Extended Data Fig. 3 |

a, MCF7 cells were seeded in 96-well plates and cultured for 96 h with or without STS conditions (1% FBS, 0.5 g/l glucose), low-serum conditions (1% FBS, 1 g/l glucose), TMX or FULV at the indicated concentrations, or combinations of these treatments. Thereafter, cell viability was determined. One representative experiment out of three is presented.
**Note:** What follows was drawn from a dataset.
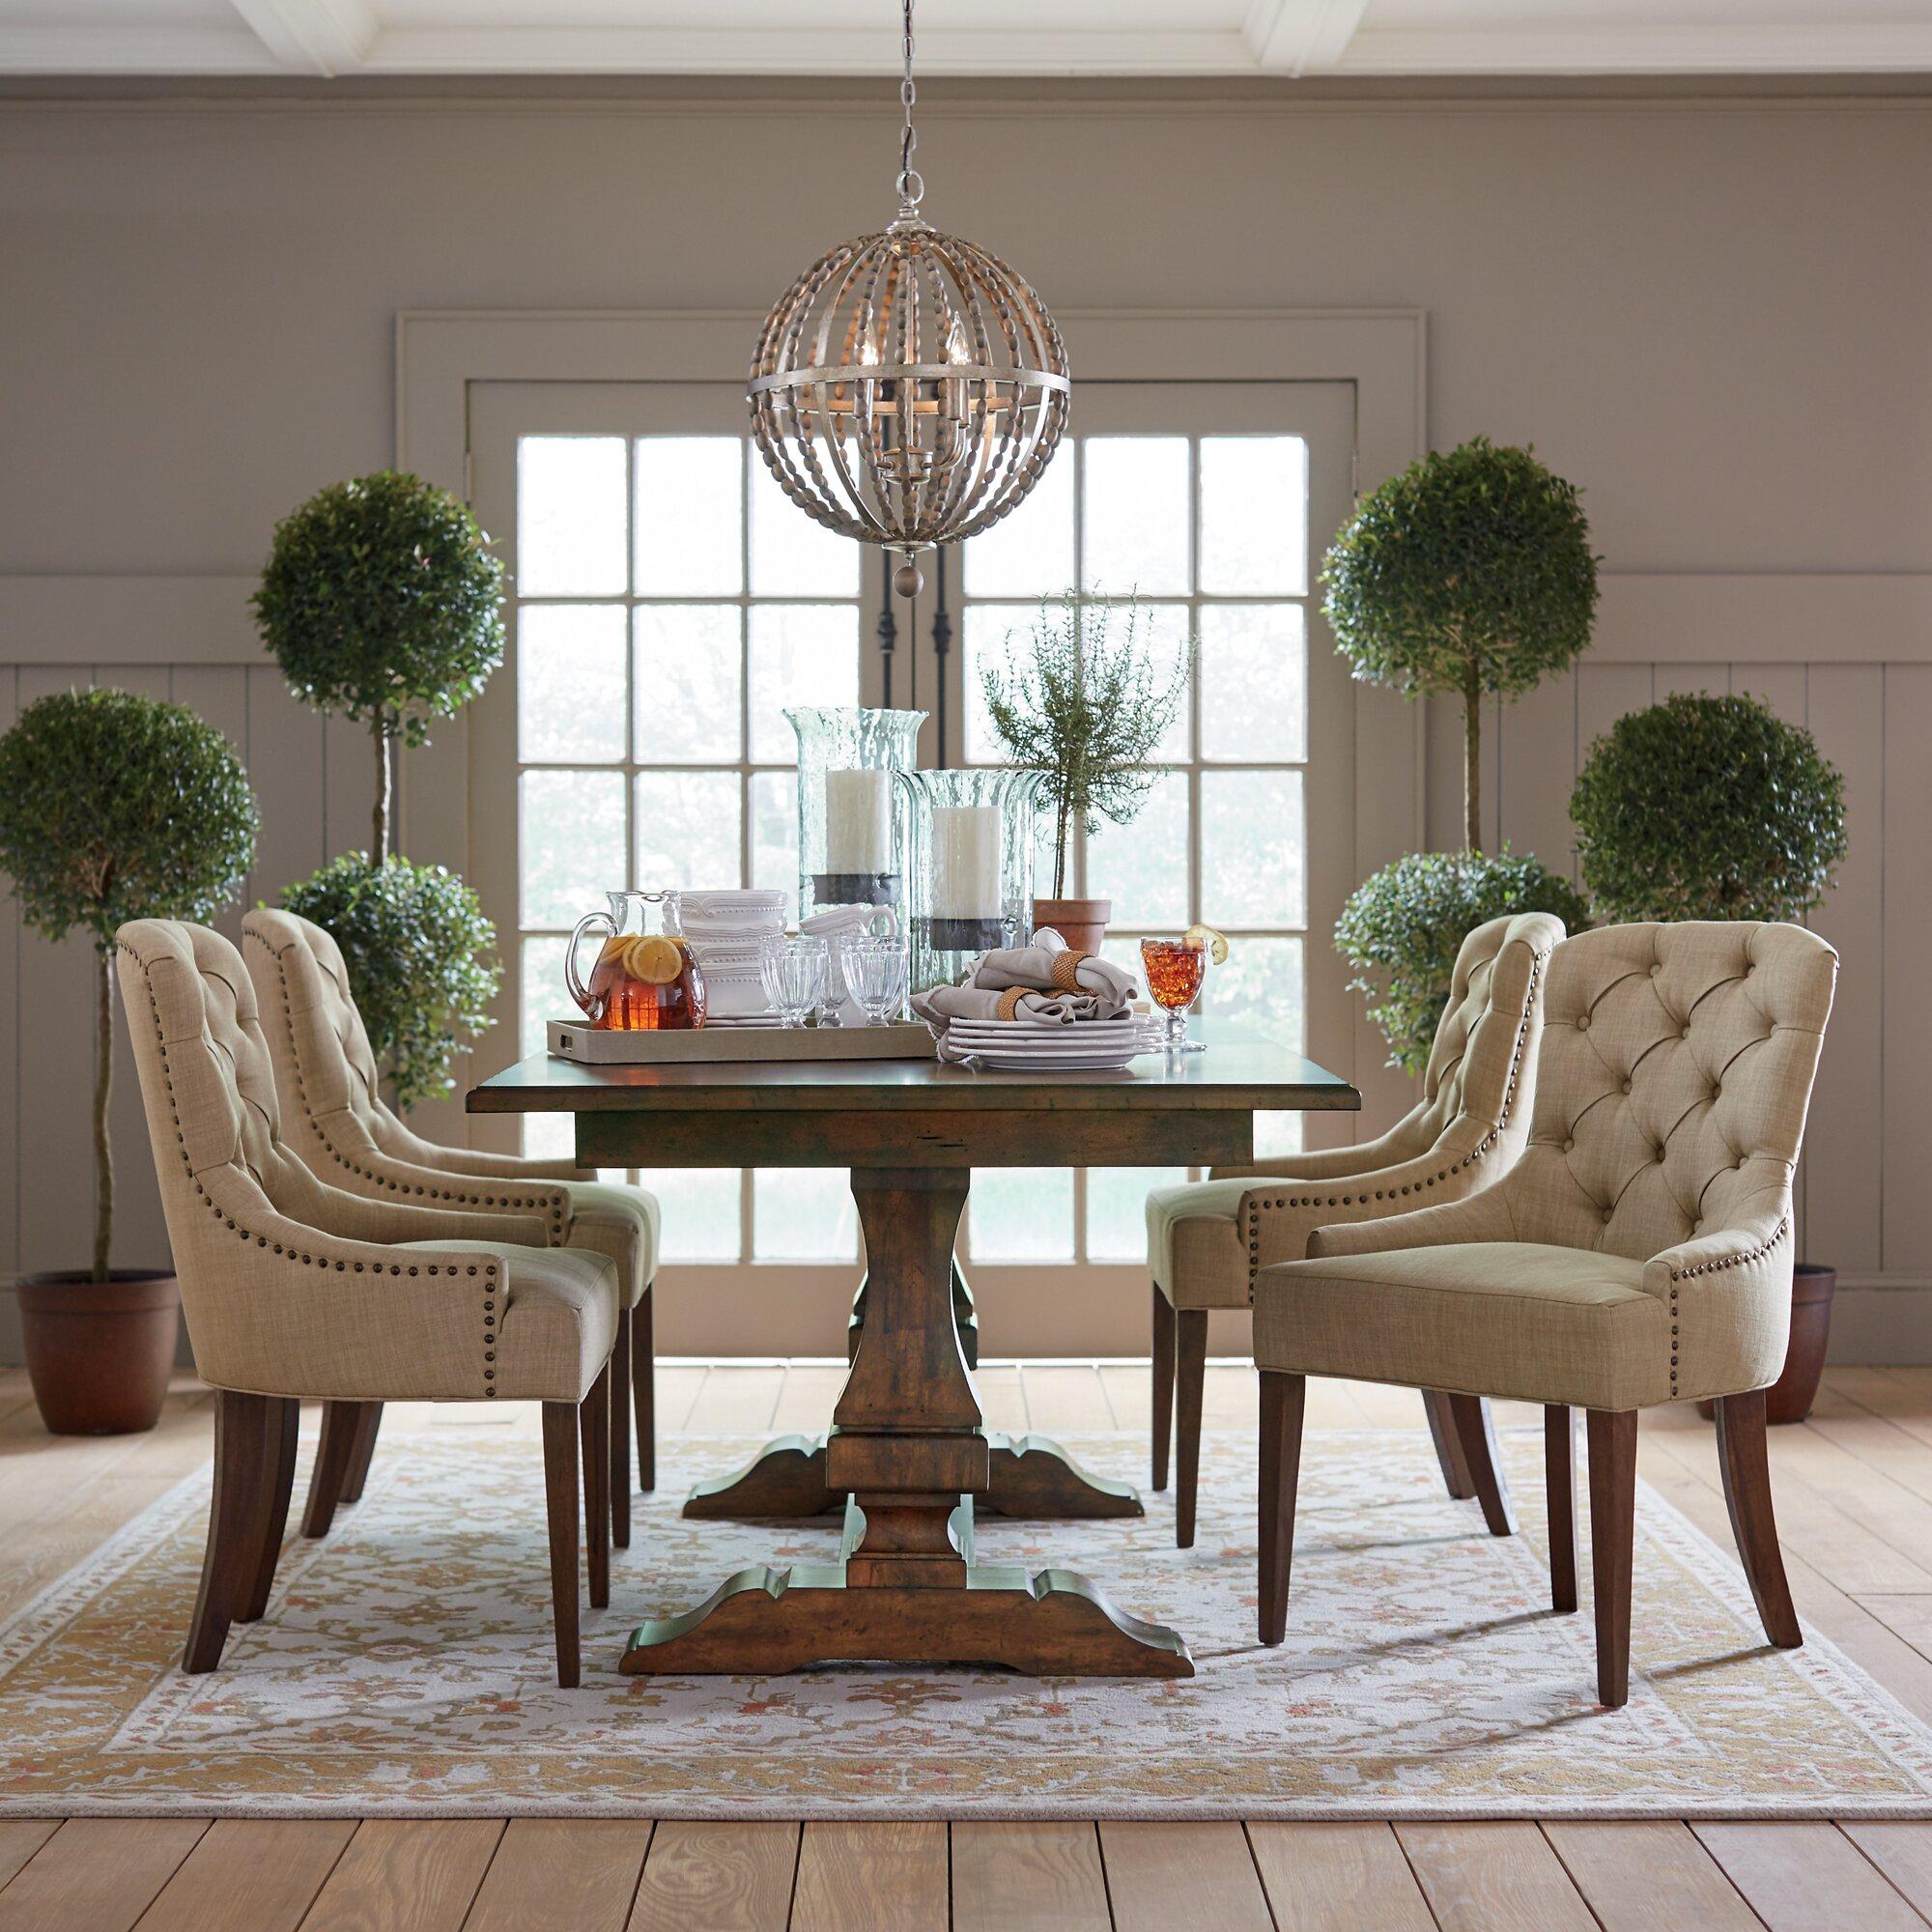 Birch Lane Schaffer Dining Table | Birch Lane

Cell viability in each treatment condition was calculated from three (MCF7 cells) or four (T47D, ZR-75–1 cells) biological replicates (wells). b, c, Serum β-hydroxybutyrate, IGFBP1, IGFBP3, adiponectin, TNF and IL-1β concentrations in female 6–8-week-old BALB/c nude mice treated with fasting/FMD (or ad libitum diet) with or without TMX or FULV. In all mouse groups, serum was collected at the end of the fasting/FMD. Data are from biological replicates. d, MCF7 cells were injected into 6–8-week-old female BALB/c nude mice; once tumours became palpable, mice were randomized to be treated with ad libitum diet (n = 6), FULV (n = 6), FULV + weekly FMD (n = 6), FULV + FMD + i.p. insulin (n = 5), FULV + FMD + IGF1 (n = 5), FULV + FMD + leptin (n = 5), or FULV + FMD + combined insulin, IGF1 and leptin (FRFs; n = 7). FRF administration was withdrawn at day 35 (crossover), while it was started in mice that had only been treated with FULV + FMD. Right, tumour volume in each treatment group at day 57; n, number of tumours per treatment group. e, MCF7 cells were seeded in 96-well plates and cultured for 96 h with or without STS, 10 μM FULV, insulin, IGF1, leptin (at the indicated concentrations), combined insulin, IGF1 and leptin, or combinations of these treatments. Cells were then imaged by light microscopy (left) and cell viability was determined (right). One representative experiment out of three is presented. f, At the end of the experiment shown in d, tumour masses were isolated for protein lysate generation. Total and phosphorylated AKT (Ser473) and p70S6K (Thr389) and vinculin (on the same gel) were assessed by immunoblotting. One representative experiment out of three (n = 5 or 6 tumour masses/treatment group were evaluated) is presented. For gel source data, see Supplementary Fig. 1. Data are from biological replicates and represent mean ± s.d. (ac, e, right) or s.e.m. (d). Data were analysed by two-tailed Student’s t-test.